Other Sheffield events

Ideology, Politics and Terror

Fully accessible
Past event - 2017
17 May Doors 6.30pm
Event 7pm-9.30pm
The Old Queen's Head, 40 Pond Hill,
Sheffield S1 2BG
Sold Out!
How often do you question your own beliefs? Our speakers are ready put it to the test with talks about the politics of crime, defining terrorism, and Luther’s radical bible translation. We will have a fun fact-checker to test your knowledge of the headlines and decide whether or not you can decipher ‘Fake News!’. Please note that this event takes place on the ground floor and is accessible for those with impaired mobility.

Full food menu will be available.

How are Crime Rates and Politics Related?

Professor Stephen Farrall (Reader in Criminology)
When she was first elected in 1979, Margaret Thatcher promised to do much to tackle problems relating to law and order and a sense that the country was becoming increasingly unsafe. However, her governments did little to make good on their 'get tough' rhetoric, despite crime rates sky-rocketing. This talk examines why crime continued to rise so dramatically during the 1980s and some of the reasons why it started to come down again in the mid-1990s. It poses and answers the question 'to what extent are crime rates responsive to politics?
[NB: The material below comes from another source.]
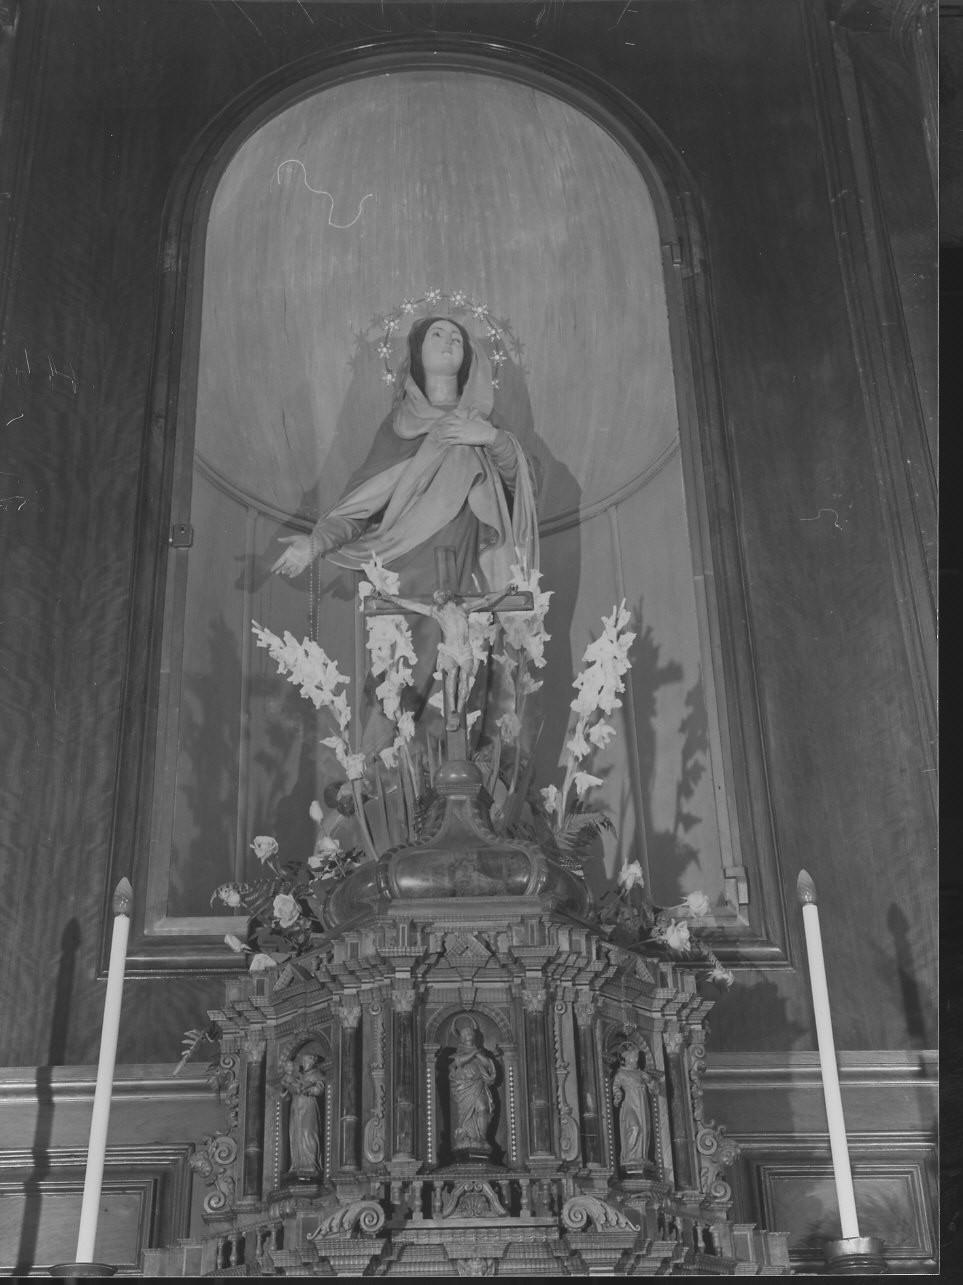 Cristo crocifisso (crocifisso, elemento d'insieme) - bottega ligure (sec. XIX)

Language of Belief: Luther's impact 500 years on

Dr Iona Hine (School of English)
500 years ago a monk wrote a list of ideas he thought the Church got wrong and posted it on the door of his parish church. Five years later that monk, Martin Luther, began publishing a radical bible translation. Peasants revolted, Luther paused. But his Bible, reworked until his death in 1545, went on to frame modern ideas about politics, morality and gender—in English as well as German. See Luther at work: Study his mistakes. Uncover his assumptions. Understand his contribution to ideas about women, marriage, immigration and the deserving poor. No knowledge of German or the Bible required!

What is terrorism?

Dr Lisa Stampnitzky (Lecturer in Politics)
Can "terrorism" be defined? Should it be? Debates on terrorism are often overshadowed by disagreements over who and what counts as “terrorist,” as exemplified by the cliché, “one man’s terrorist is another man’s freedom fighter.” What is less well-known is that even research on terrorism has been plagued by this “problem of definition.” This talk will show how debates over the definition of ‘terrorism’ shape public understandings of three key questions in political life: Who is the enemy? When is violence legitimate? And what is political?